== Description of the task ==
For the data that follows, return each line unchanged and drop the pictures.

== Provided material

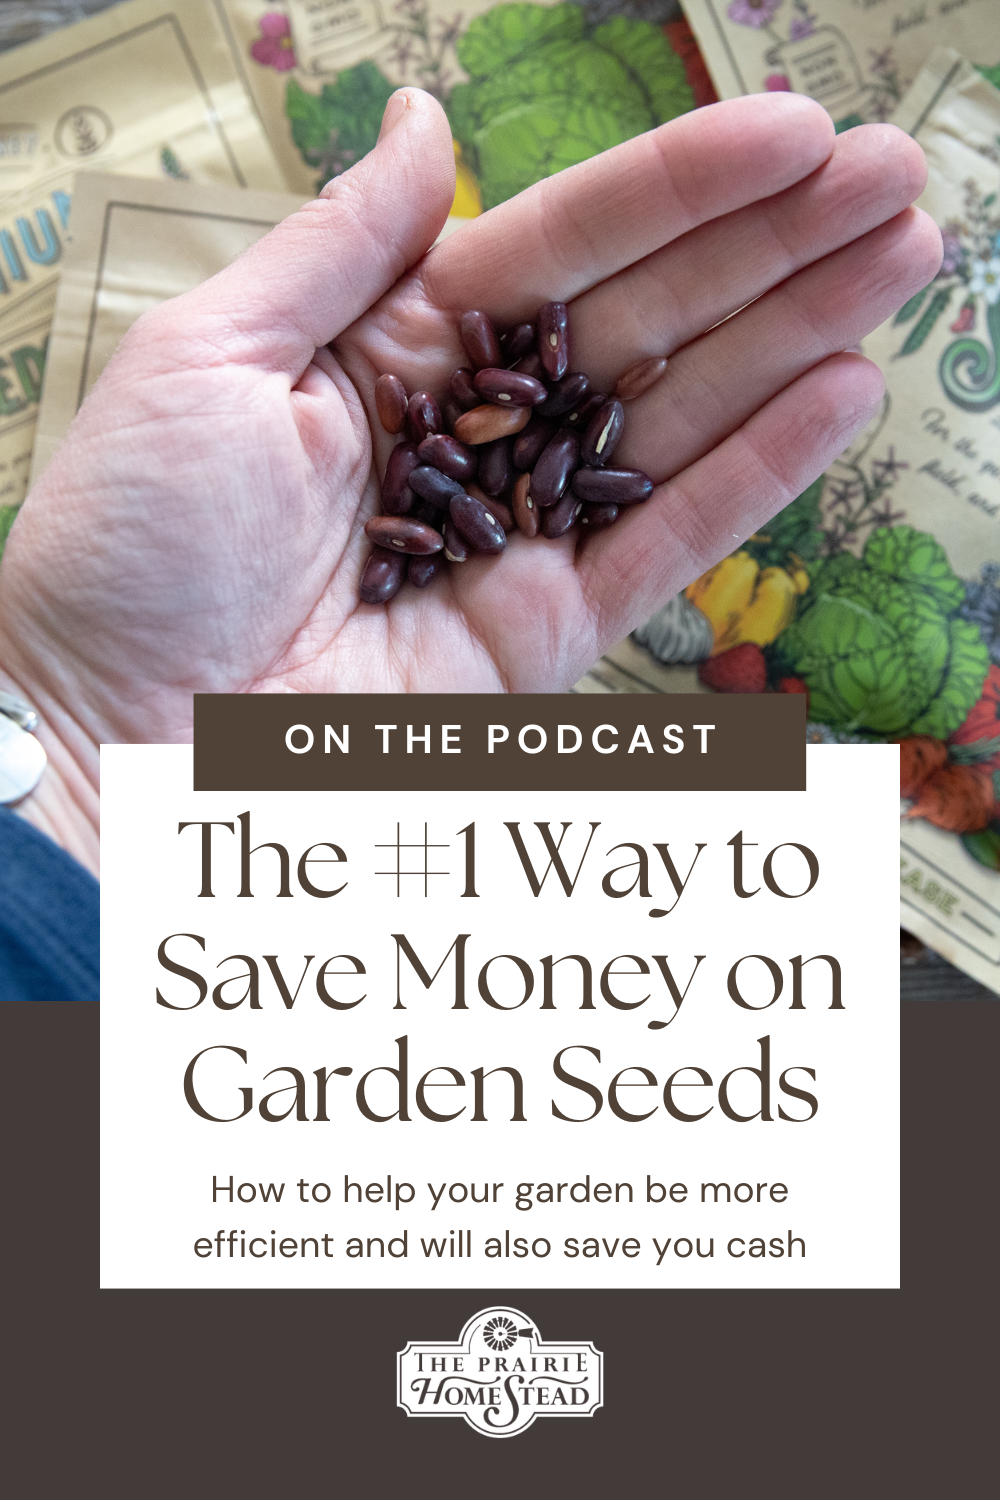 The #1 Way to Save Money on Garden Seeds
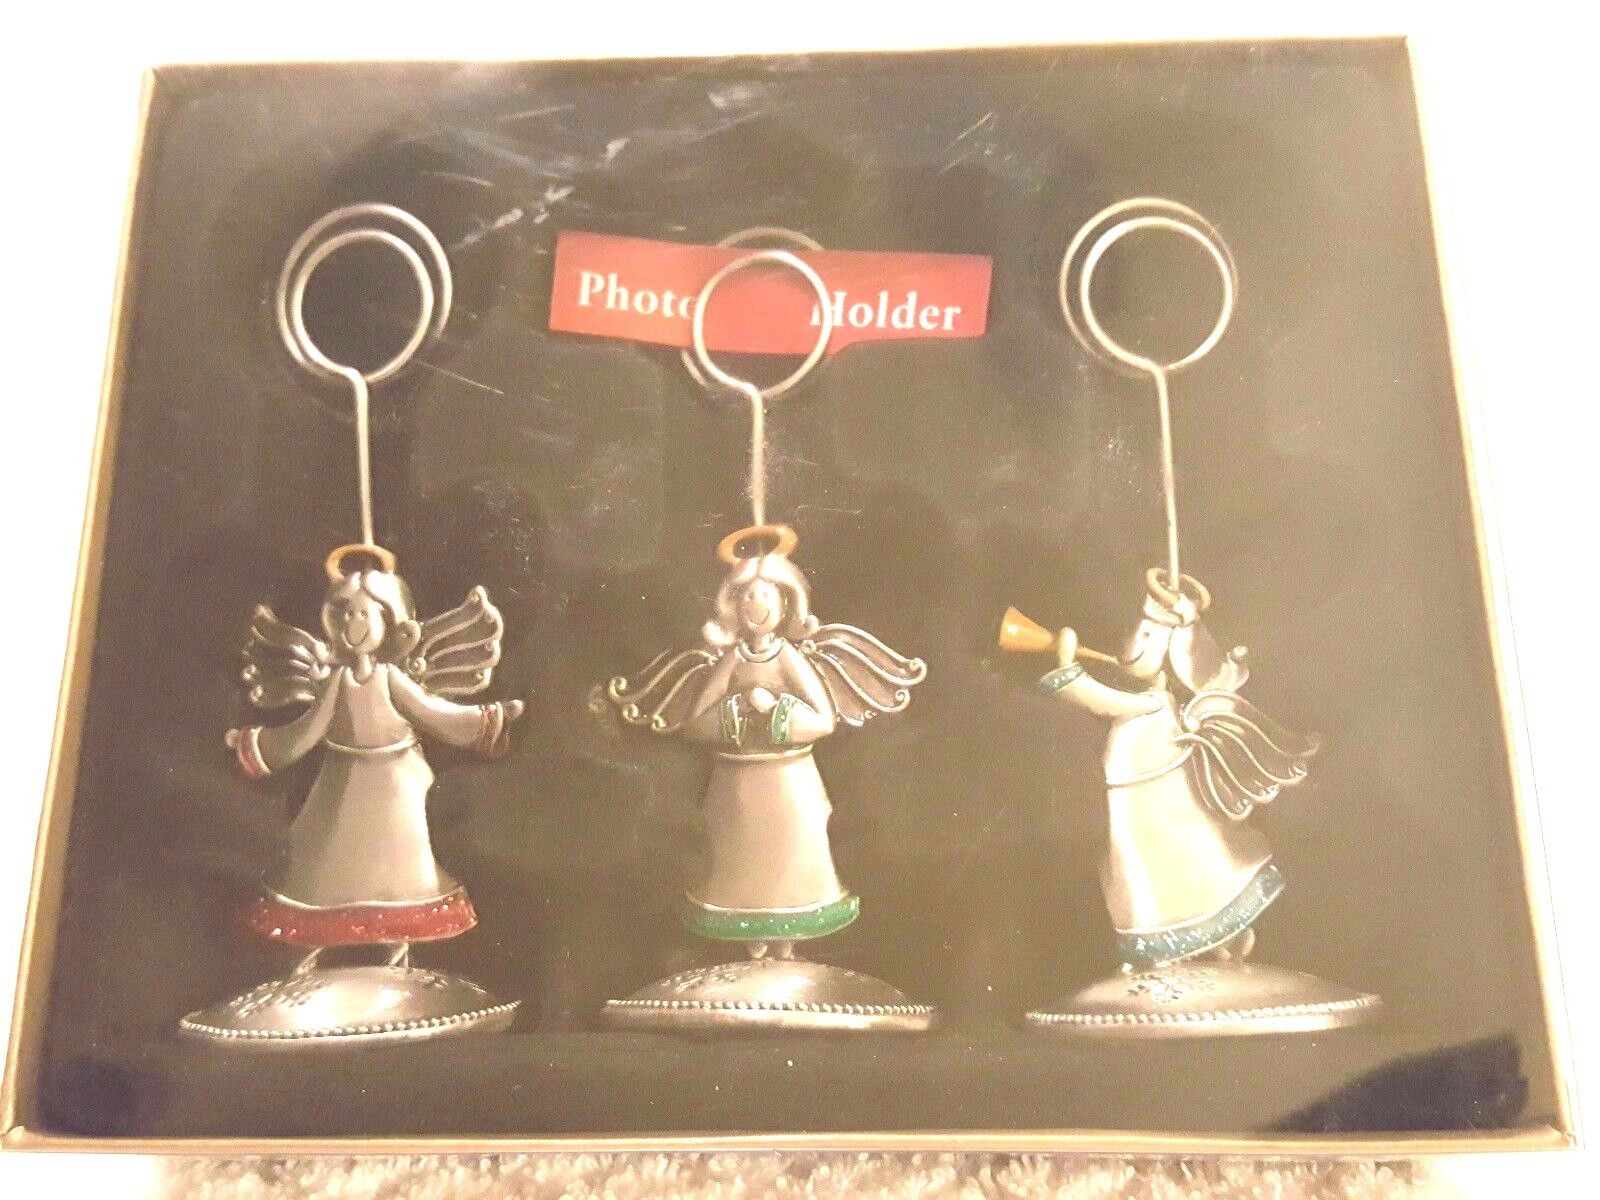 COLLECTIBLE ST. NICHOLAS SQUARE PEWTER ANGEL PHOTO CARD PLACE HOLDERS SET OF 3
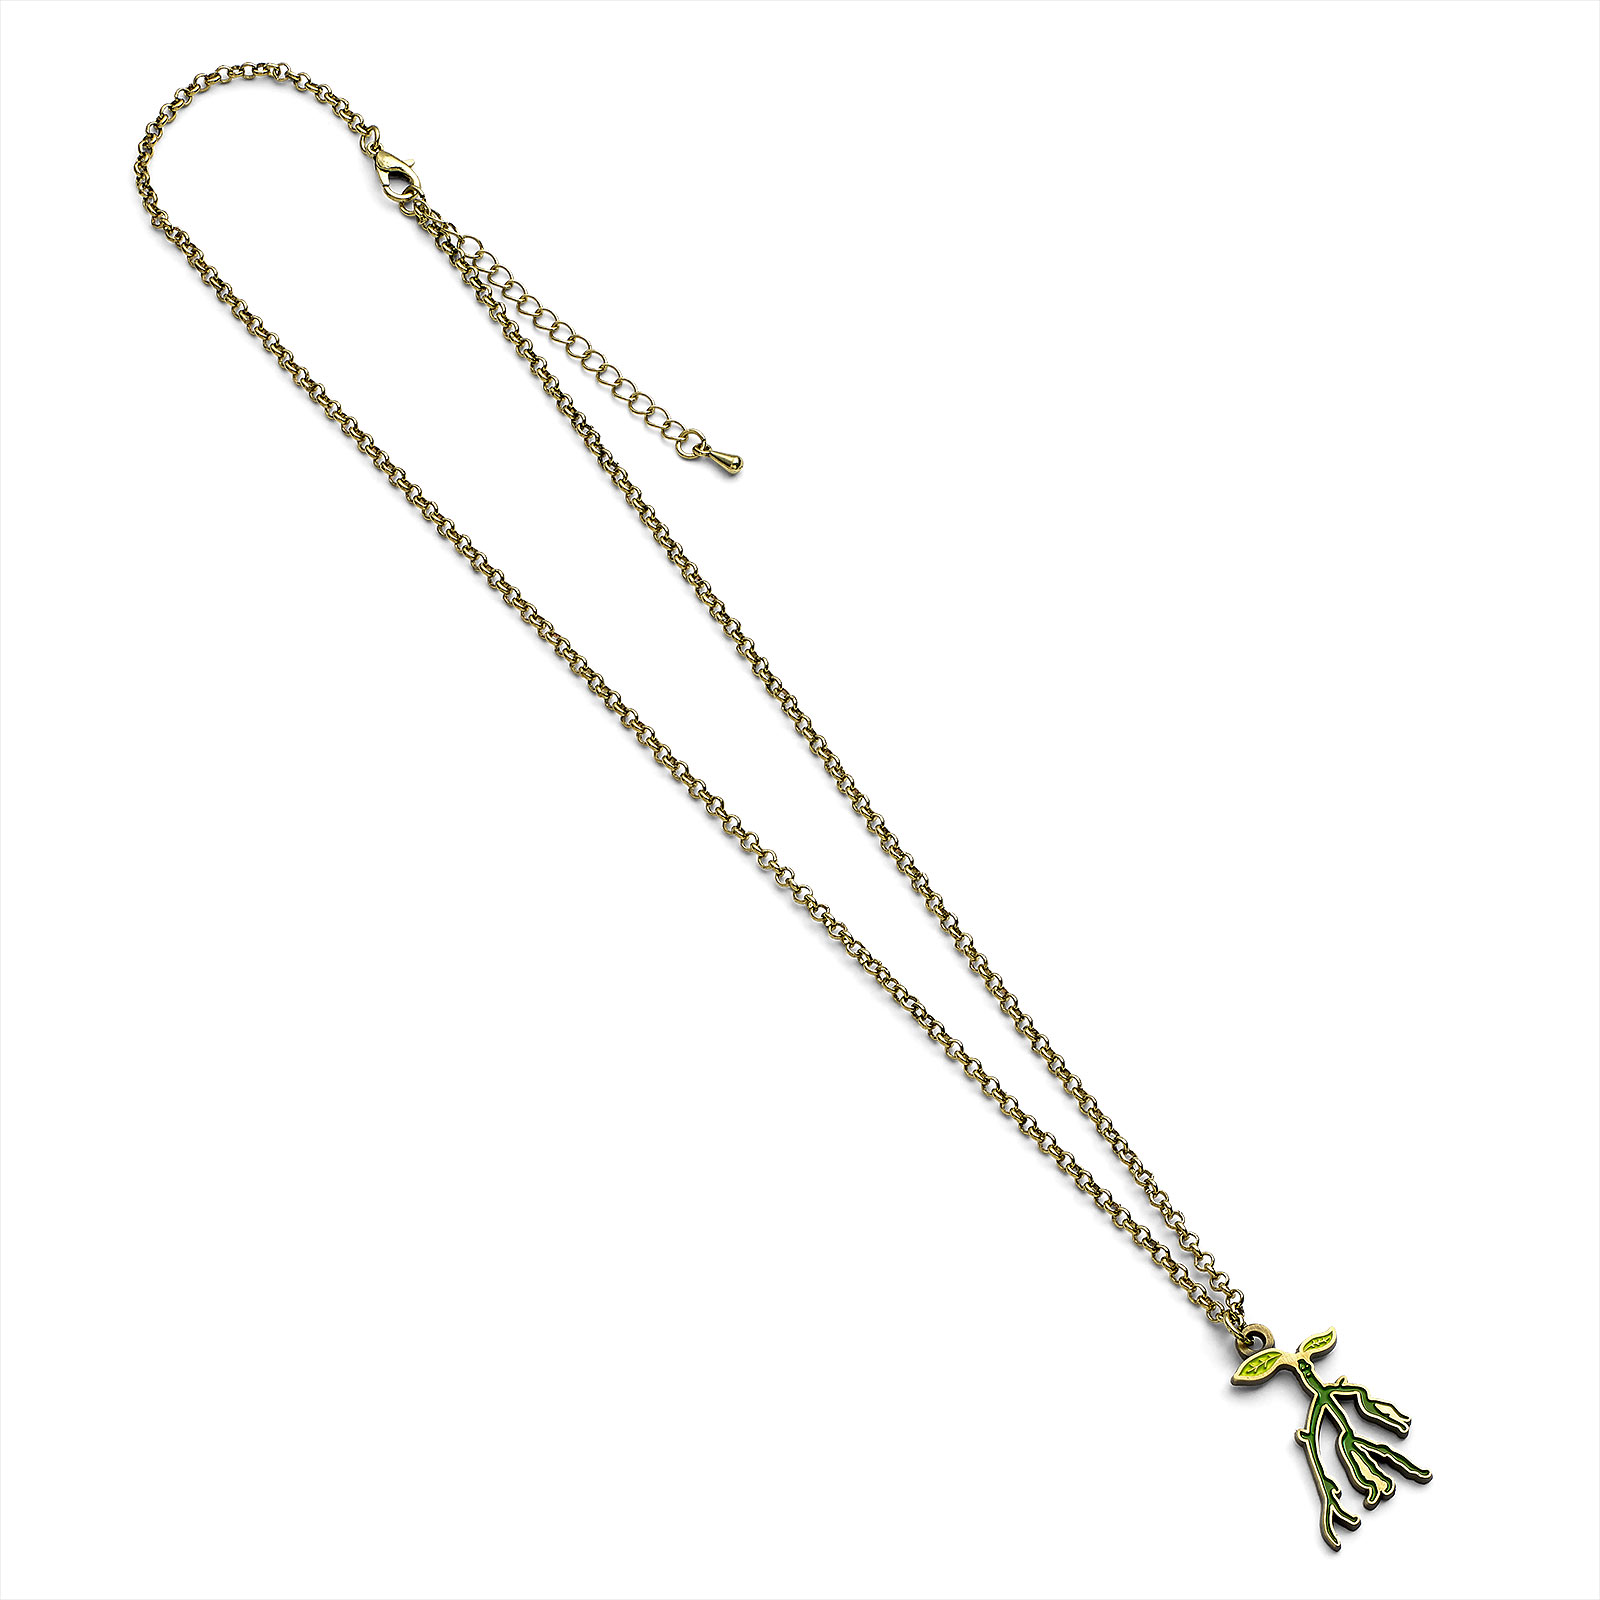 Fantastic Beasts - Bowtruckle Necklace
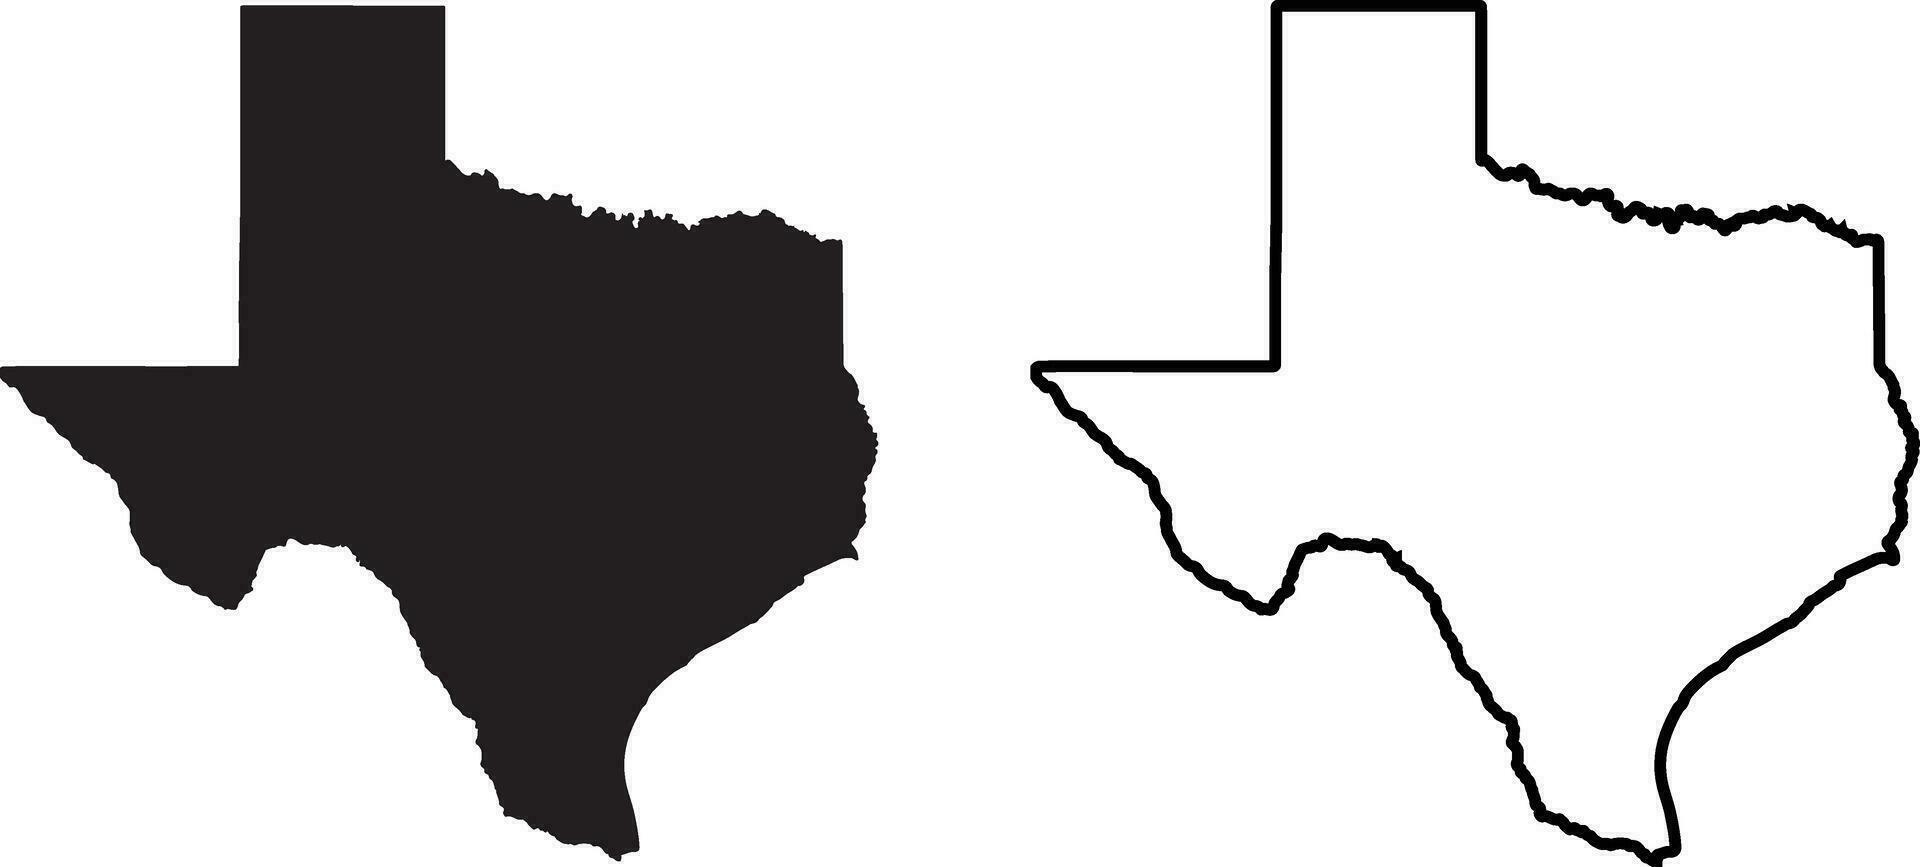 Texas map icon in two styles isolated on white background. Vector illustration

====

== Result of this task ==
 The #1 Way to Save Money on Garden Seeds
 COLLECTIBLE ST. NICHOLAS SQUARE PEWTER ANGEL PHOTO CARD PLACE HOLDERS SET OF 3
 Fantastic Beasts - Bowtruckle Necklace
 Texas map icon in two styles isolated on white background. Vector illustration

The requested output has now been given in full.